4. Dziwne, zawsze miałem ustawione UTC na komputerach serwerowych bez X-ów też. Po zmianie na local data jest poprawna. Strefę czasową miałem już wcześniej ustawioną.

Czytałem regulamin, ale to było dawno temu, zresztą to takie problemy mało istotne, więc prawie jak jeden  :Wink: 

----------

## sherszen

Chodzi o potomnych, aby było łatwiej było przeszukiwać forum. Z Twoim środowiskiem Ci nie pomogę, bo sam używam fluxboxa i nautilusa. Pcmanfm poleciał na zbity pysk, bo jakoś mi się nie podobał, ale nigdy nie startował sam.

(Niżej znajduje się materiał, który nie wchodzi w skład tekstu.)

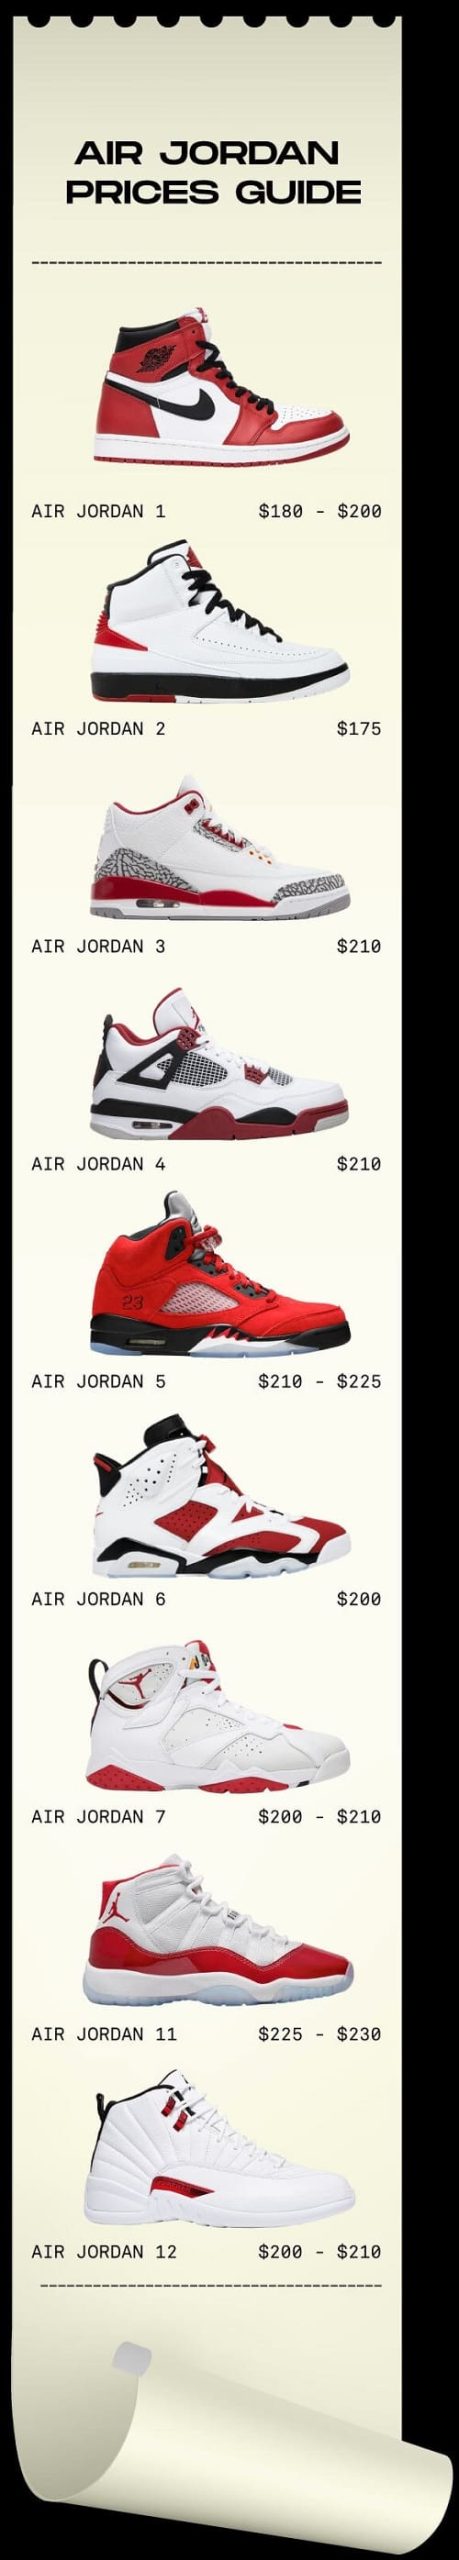 Air Jordan Prices Guide - How Much Do Jordans Retail for?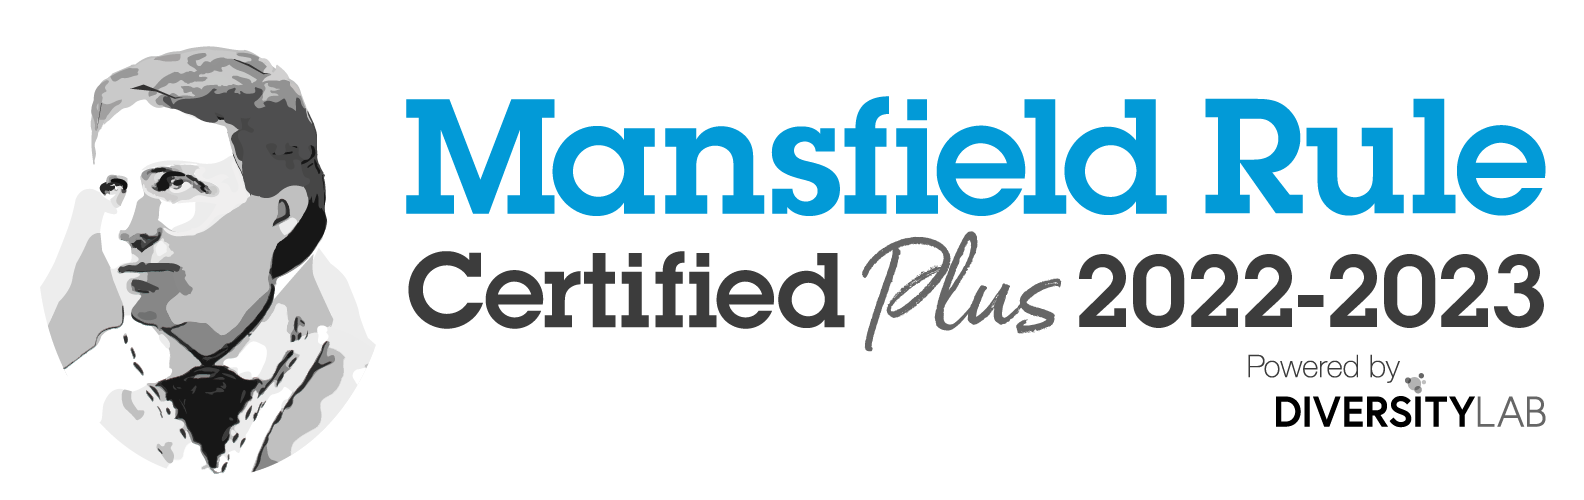 Dykema Achieves Mansfield 6.0 Certification Plus Classification

To może ustawienia środowiska?

----------

## dolohow

Niestety nie jest to konfiguracja środowiska, ponieważ zaraz po zainstalowaniu tak miałem - nie pomogło wywalenie wszystkiego z $HOME.

----------

## ryba84

Pcmanfm jest standardowym menedżerem plików w lxde. Startuje za każdym razem bo masz ikonki na pulpicie dzięki niemu i żeby nie startował musiałbyś pokombinować z plikiem sesji lxde.

----------

## dolohow

A właśnie, że nie mam, jak miałem inny system to tak było.

Mam folder Desktop, a na pulpicie nawet nie mogę zakreślać kwadratów.

----------